I am a beginner in Pytorch. I am trying to implement a network in pytorch that I had built using keras earlier. Iam not sure what’s wrong in my implementation.

train_length–>25000
train_vecs --> (25000,10,10) ; train_labels -->(25000,1)

Here is my code:

train_tensor = torch.from_numpy(train_vecs)
train_labels_tensor = torch.from_numpy(train_labels)

class FirstNN(nn.Module):
def init(self):
super(FirstNN,self).init()
self.conv1 = nn.Conv1d(10,10,3)
self.conv2 = nn.Conv1d(10,20,3)
self.dropout = nn.Dropout(0.5)
self.dense_l1 = nn.Linear(120,40)
self.dense_l2 = nn.Linear(40,8)
self.dense_l3 = nn.Linear(8,1)
self.soft = nn.Sigmoid()

def forward(self,x):
    out = F.relu(self.conv1(x))
    out = self.dropout(out)
    out = F.relu(self.conv2(out))
    out = self.dropout(out)
    out = out.view(out.size(0),-1)
    out = self.dropout(F.relu(self.dense_l1(out)))
    out = self.dropout(F.relu(self.dense_l2(out)))
    out = self.dropout(F.relu(self.dense_l3(out)))
    return self.soft(out)

batchsize = 25
numepochs = 25
n_batches = int(train_length/batchsize)

train_tensor = train_tensor.float()

def find_correct(yp,yp1):
correct = 0
for i in range(len(yp)):
if(yp[i]==yp1[i]):
correct+=1
return correct

for epoch in range(3):
for i in range(0,n_batches):
Xtrain = train_tensor[i*batchsize:(i+1)*batchsize, : , :]
ytrain = train_labels_tensor[i*batchsize:(i+1)*batchsize]
ytrain = ytrain.view(-1,1).float()
optimizer.zero_grad()
output = model(Xtrain)
loss = F.binary_cross_entropy(output, ytrain)
loss.backward()
optimizer.step()

output = model(train_tensor)
output = (output>=0.5).double()
correct = find_correct(output,train_labels_tensor)
print("Epoch {} : Loss {} : Accuracy {} ".format(epoch,loss.item(),correct/25000))

I am getting loss rates as : 0.67,0.74,0.73

Whereas in Keras I get : 0.60,0.42,0.38

It looks like you are dealing with 25000 grayscale images with a spatial dimension of 10x10.
If that’s correct, you would have to pass your data as [batch_size, channel, height, width] into your model.
Your first conv layer however, uses 10 input channel instead of 1 (for a grayscale image).
So this might be a reason for the difference.
Could you print the shape of a batch and explain your data shapes?

I am not dealing with Images.

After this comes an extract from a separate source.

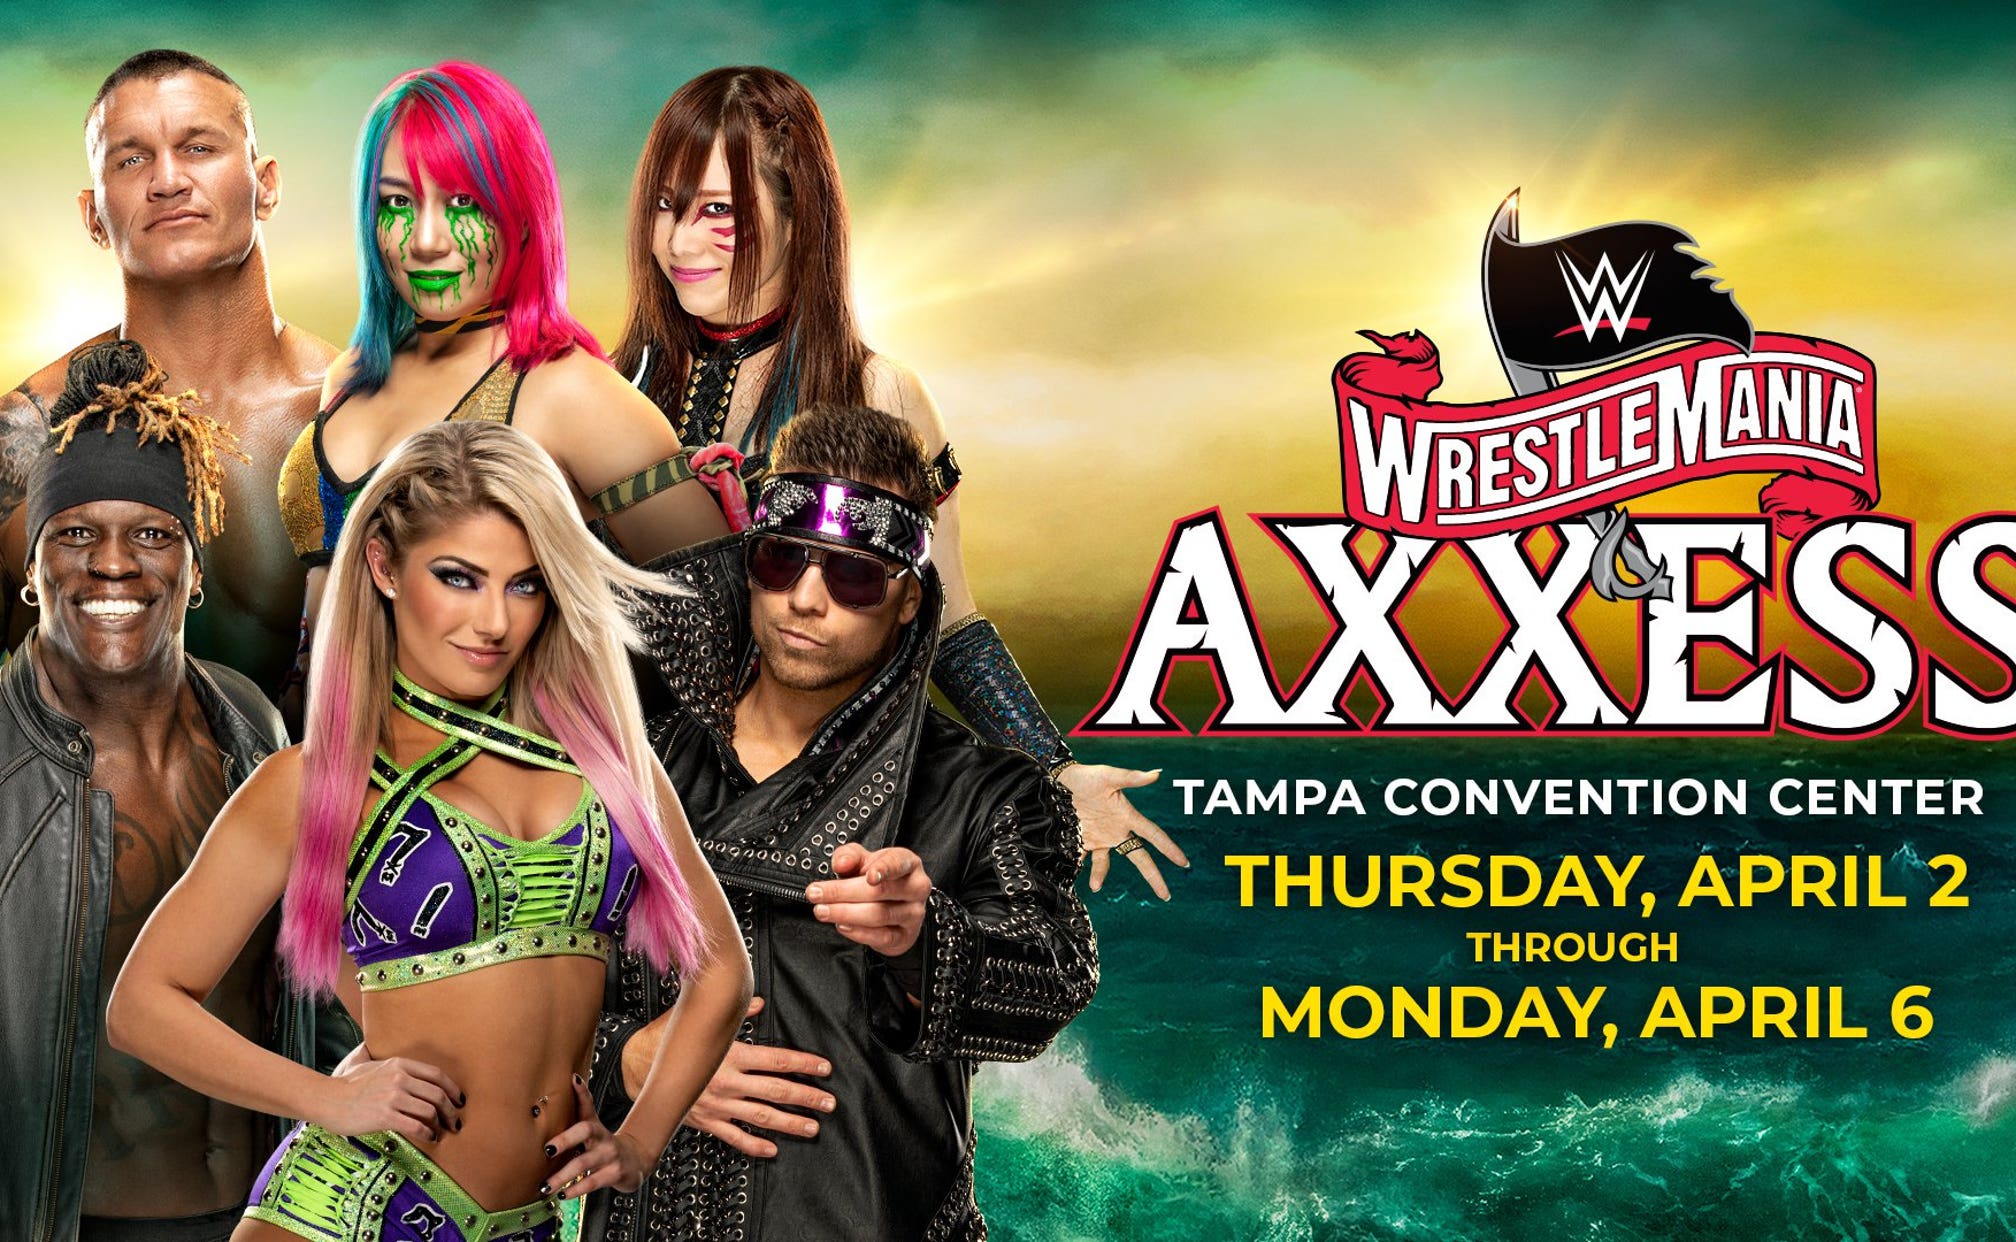 WrestleMania Axxess tickets are available now! FOX Sports

I am dealing with text.

25000 are the number of sentences. I have converted each sentence into 100 dimensional vector using doc2vec algorithm.

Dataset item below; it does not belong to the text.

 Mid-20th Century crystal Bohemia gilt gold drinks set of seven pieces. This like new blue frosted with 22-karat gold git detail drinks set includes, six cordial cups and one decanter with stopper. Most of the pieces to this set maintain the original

Then I reshaped every vector into 10*10 tensor. Hence (25000,10,10). Therefore 1st CNN layer has a input_channel value 10. Then I consider a batch size of 25.

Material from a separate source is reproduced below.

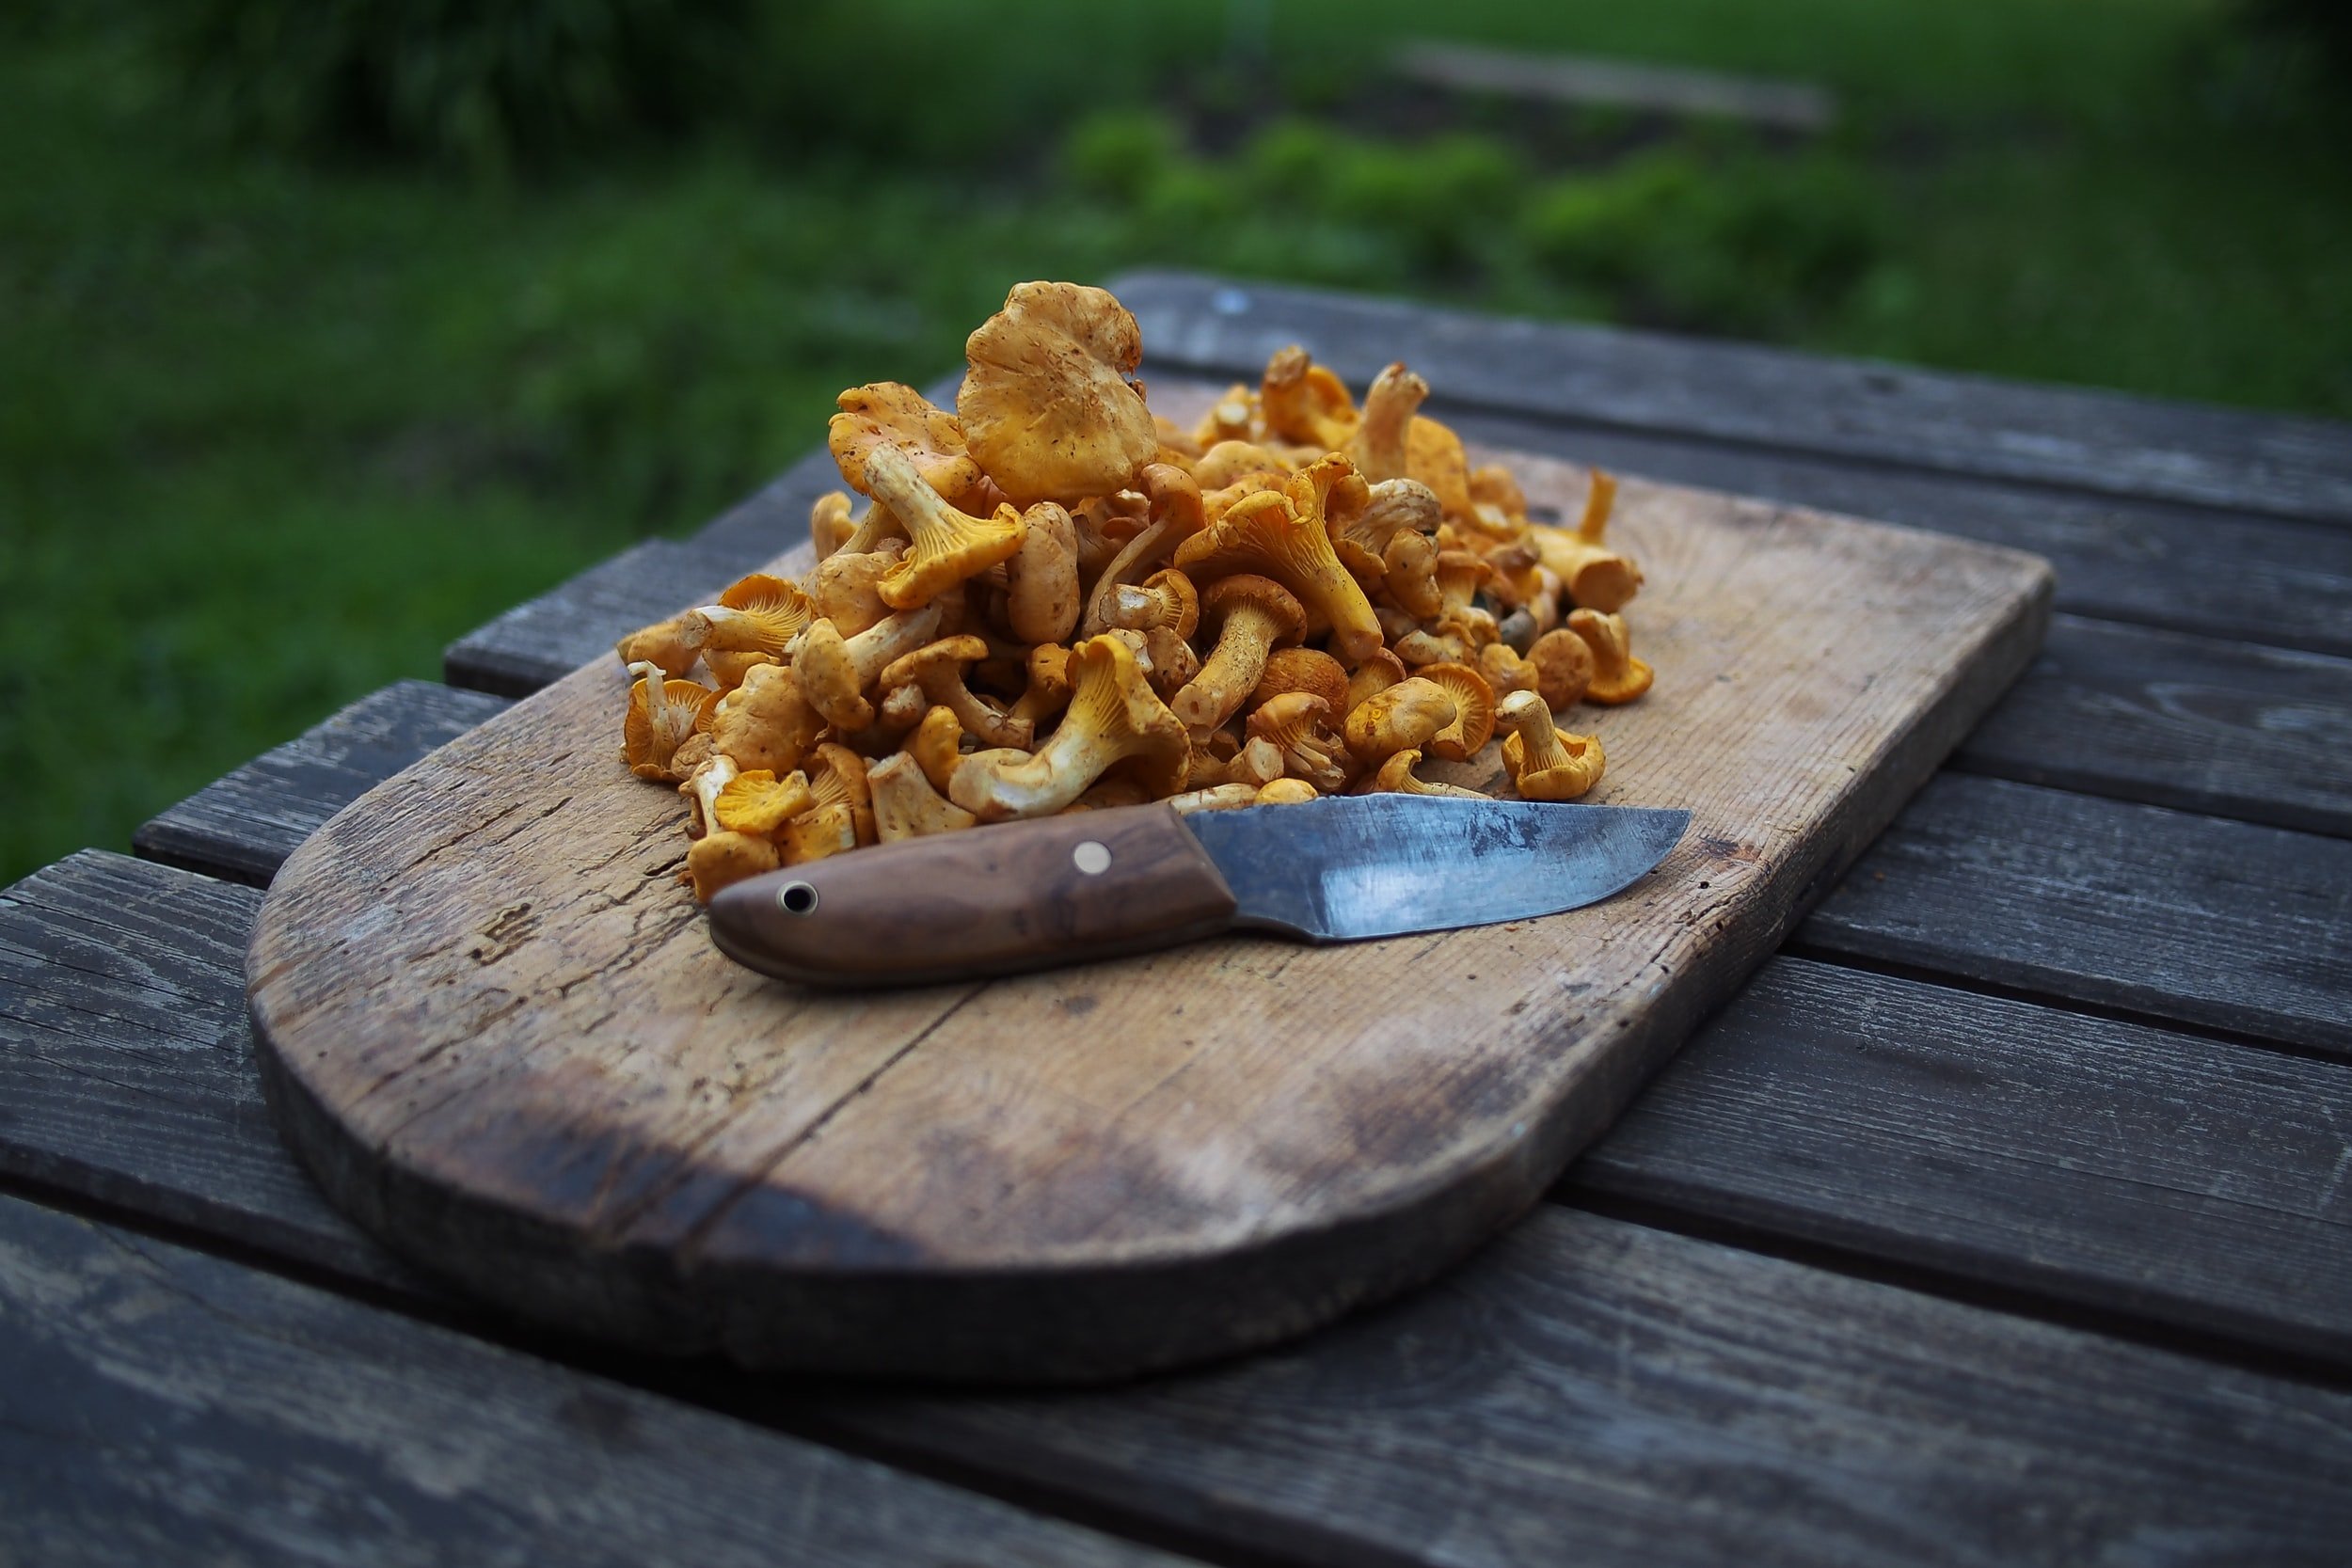 Our Diets Have Much Room for Mushrooms—Wild Ones in Particular

I see, thanks for the clarification. I didn’t realize you are using nn.Conv1d as this would be an argument against my assumption. :wink:

Could you post your keras code so that we can compare both?

m1 = Sequential()
m1.add(Conv1D(10,3,activation=‘relu’,input_shape=(10,10)))
m1.add(Dropout(0.5))
m1.add(Conv1D(20,3,activation=‘relu’))
m1.add(Dropout(0.5))
m1.add(Flatten())
m1.add(Dense(40,activation=‘relu’))
m1.add(Dropout(0.5))
m1.add(Dense(8,activation=‘relu’))
m1.add(Dropout(0.5))
m1.add(Dense(1,activation=‘sigmoid’))

m1.compile(optimizer=‘adam’,loss=‘binary_crossentropy’,metrics=[‘accuracy’])
m1.fit(train_vecs,train_labels,batch_size=25,epochs=25)

Is there any chance that consecutive batches might be the reason for this??

Your models differ a bit at the end. In your keras model you are using a last dense layer with a single output and a sigmoid non-linearity.
In your PyTorch model you add a relu and dropout of before the sigmoid:

    out = self.dropout(F.relu(self.dense_l3(out)))
    return self.soft(out)

Could you remove the relu and dropout and run it again?

1 Like

Yes, It is working now. Thanks a lot